Let f1 be defined by x^2.cos(1/x), if x other than 0 and f1(0)=0.
It is almost the same function as in the previous exercise so this will be quite easy.
First of all, according to theorems on products and compositions of functions,
the function f1 is continuous and differentiable, except possibly at 0.
Then, the limit of x^2.cos(1/x) when x tends to 0 is 0
because the cosine is limited between -1 and 1 and x^2 tends to 0.
So, by indicating f1(0)=0, we make the function f1 continuous.
Now we look at the differentiability at 0.

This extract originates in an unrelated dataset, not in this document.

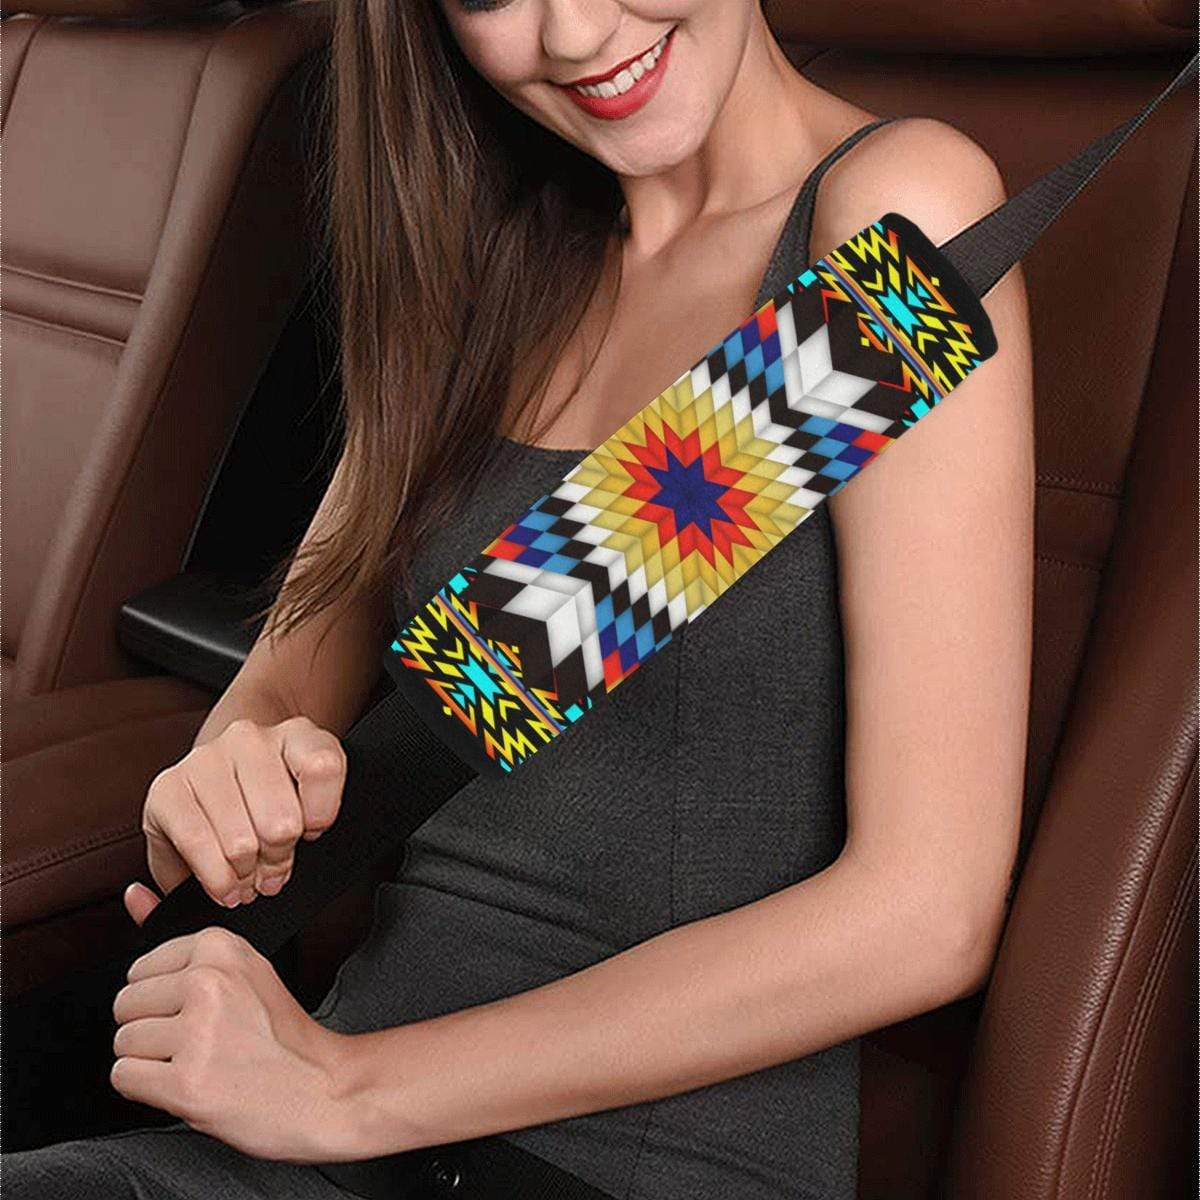 Blackfire and Turquoise Star Car Seat Belt Cover 7''x12.6'' Car Seat Belt Cover 7''x12.6'' e-joyer

So we calculate the growth rate: (f1(x)-f1(0))/x-0
=(x^2.cos(1/x)-0)/(x-0)
=x.cos(1/x).
Here again, the cosine is limited between -1 and 1,
therefore when x tends to 0 the limit of this function is 0.
The growth rate has, indeed, a limit when x tends to 0 so f1 is differentiable at 0.
Here it is even possible to obtain the value of the derivative.
Same question with the function f2 which is equal to sin x.sin(1/x).
f2 is well continuous and diffrentiable except possibly at 0;
we extend it by indicating f2(0)=0 by continuity
so, it also becomes continuous at 0.
Besides we look at the differentiability at 0.
We calculate the growth rate:
(f2(x)-f2(0))/(x-0)=(sin x/x).sin(1/x).
We know that, when x tends to 0, sin x/x has a limit
and this limit is equal to 1.
However, sin(1/x) oscillates and therefore has no limit when x tends to 0.
So here the growth rate has no limit neither.
If you're not convinced, I let you write it up supposing by contradiction
that the growth rate has a limit and thus you'll show in this case that sin(1/x) has a limit
and you'll get your contradiction.
As a conclusion, the growth rate has no limit;
therefore f2 is not differentiable at 0.
Finally, the function f3 is defined by |x|sqrt (x^2-2x+1)/(x-1).
The first thing to do is to reduce the writing of f3.
Please note that (x^2-2x+1) is a binomial expansion – that is (x-1)^2 –
and the square root is the number's absolute value so we can rewrite f3 in the form of:
|x|.|x-1|/x-1.
We can obtain an expression even simpler by examining values of x.
Then, if x>1, in this case, everything which is in the absolute values is positive so :
f3=|x|.|x-1|/x-1=x
If 0≤x